• [What is expected] All lines below between the line with "Textura de sargazo" and the line with "Sigmund Freud és Stefan Zweig levélváltása", including both, must be copied exactly, and the pictures must be omitted.

• [Dataset excerpts]
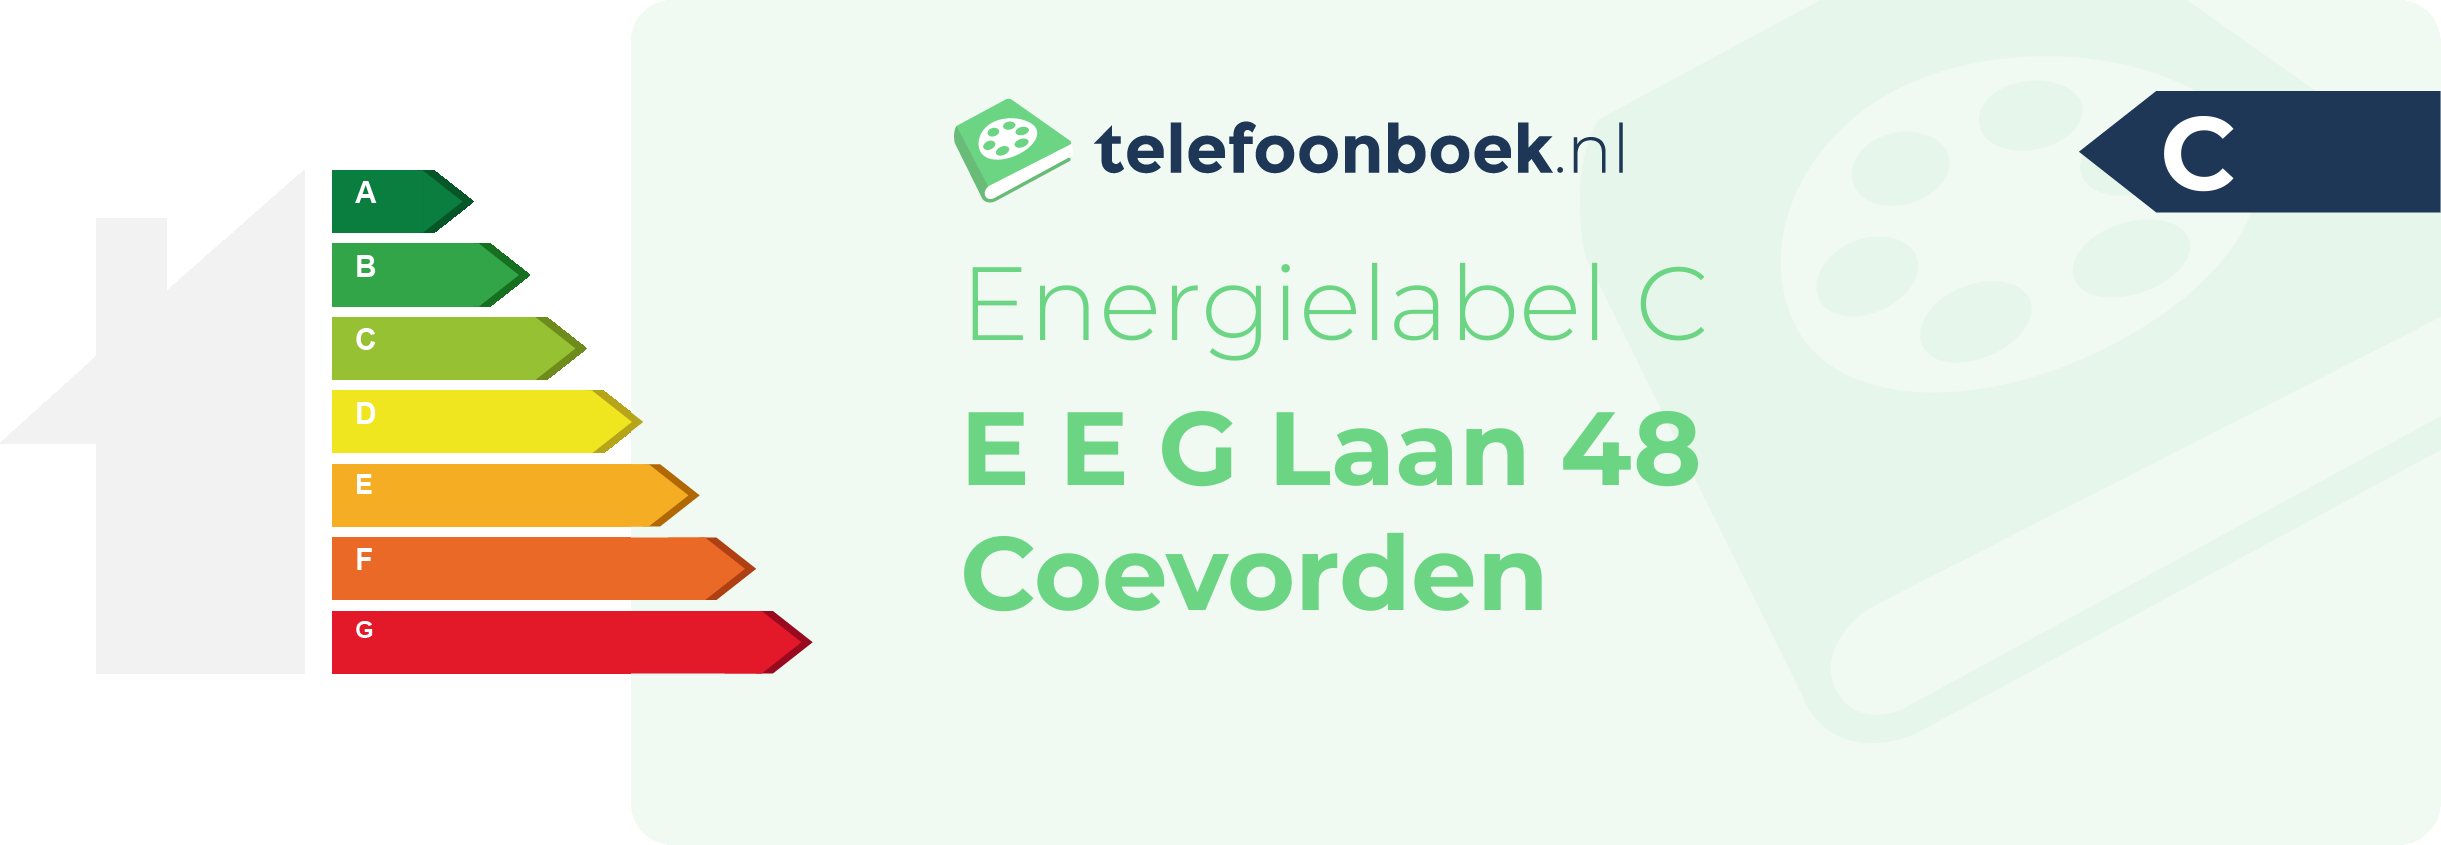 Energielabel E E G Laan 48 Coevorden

---

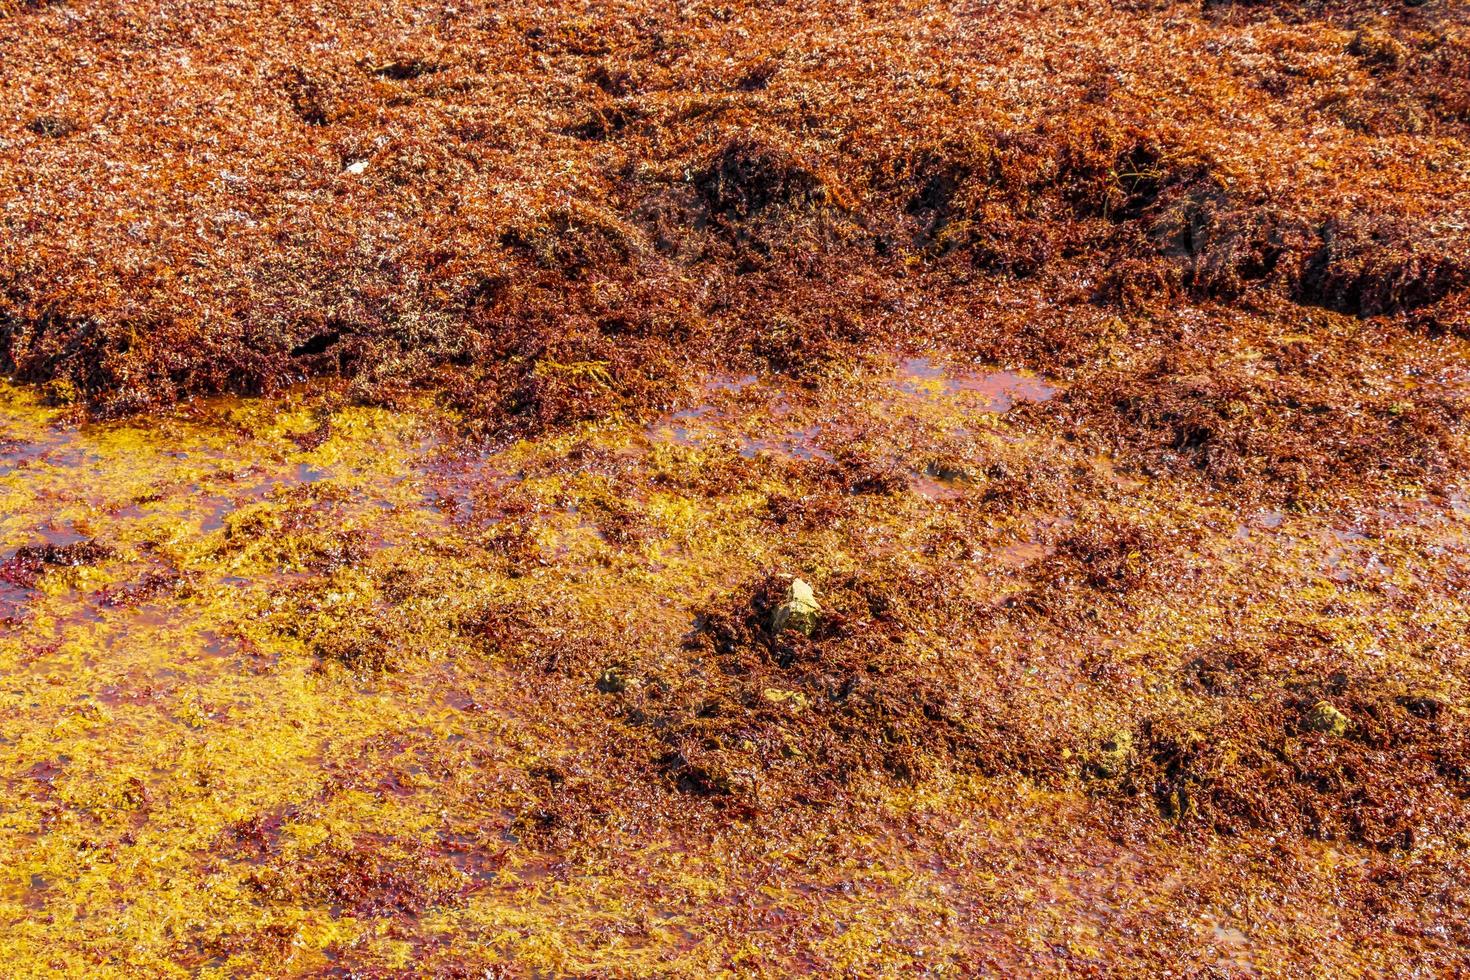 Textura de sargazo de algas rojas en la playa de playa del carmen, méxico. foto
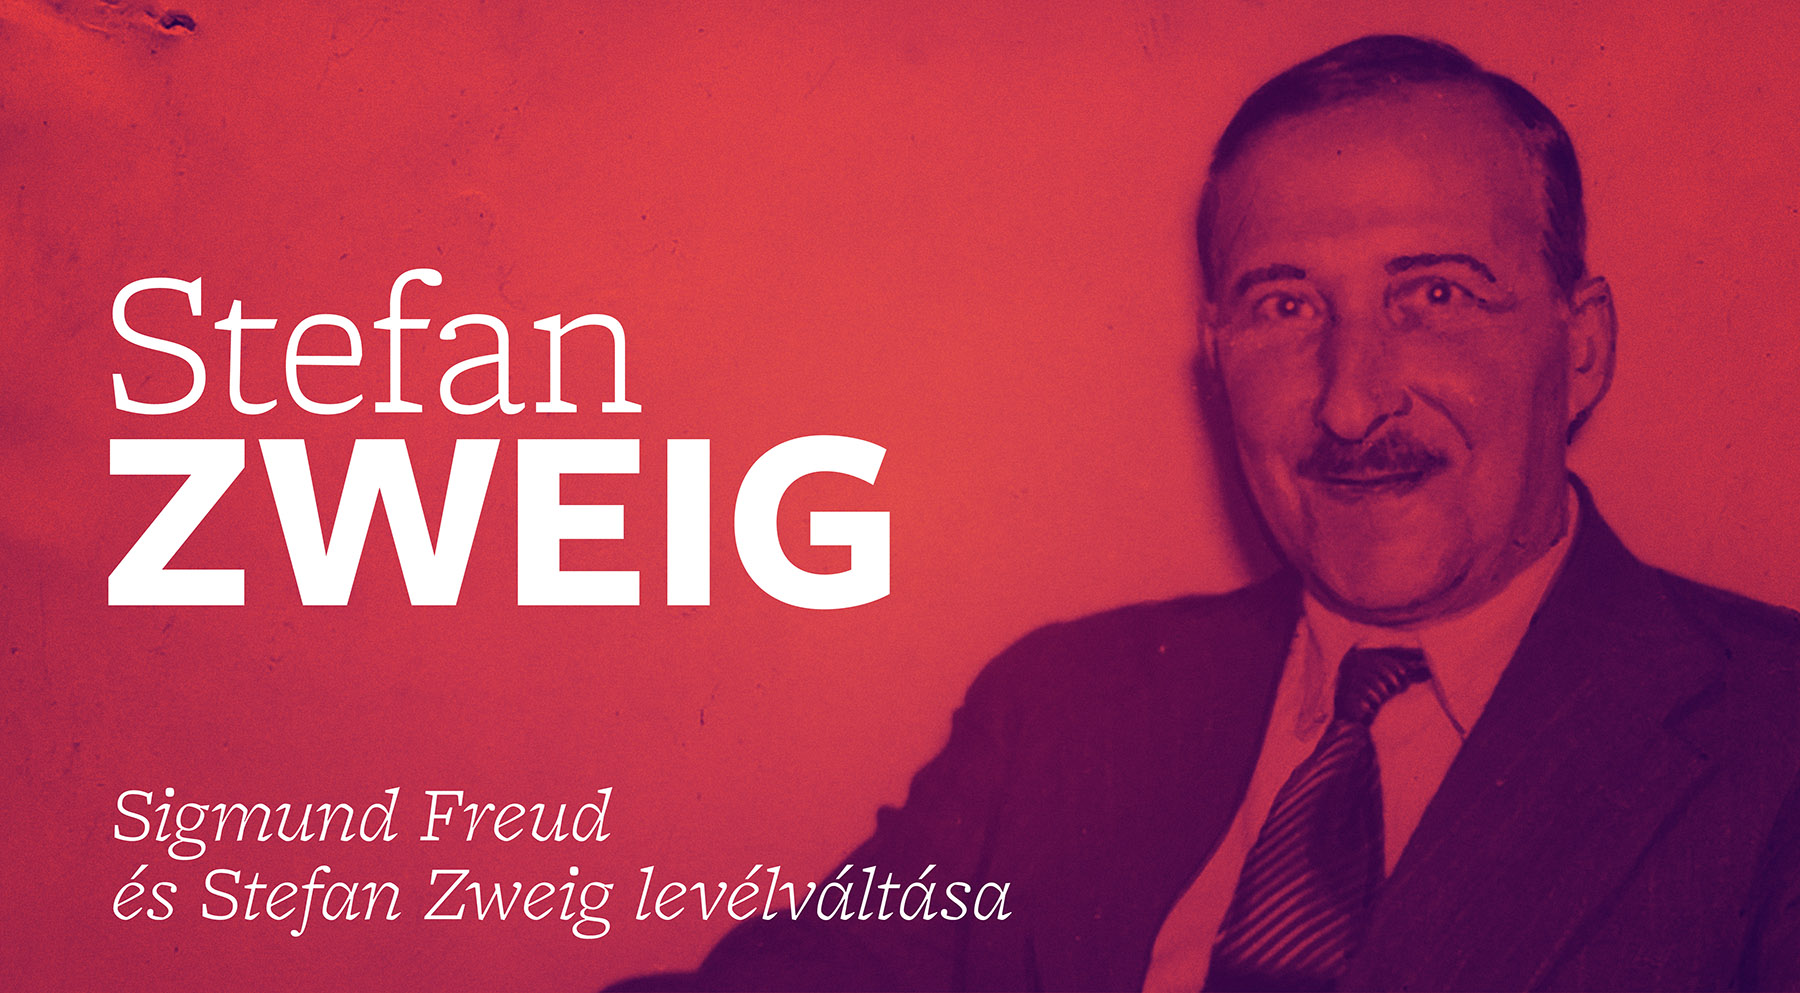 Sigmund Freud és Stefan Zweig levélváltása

• [Written solution]
 Textura de sargazo de algas rojas en la playa de playa del carmen, méxico. foto
 Sigmund Freud és Stefan Zweig levélváltása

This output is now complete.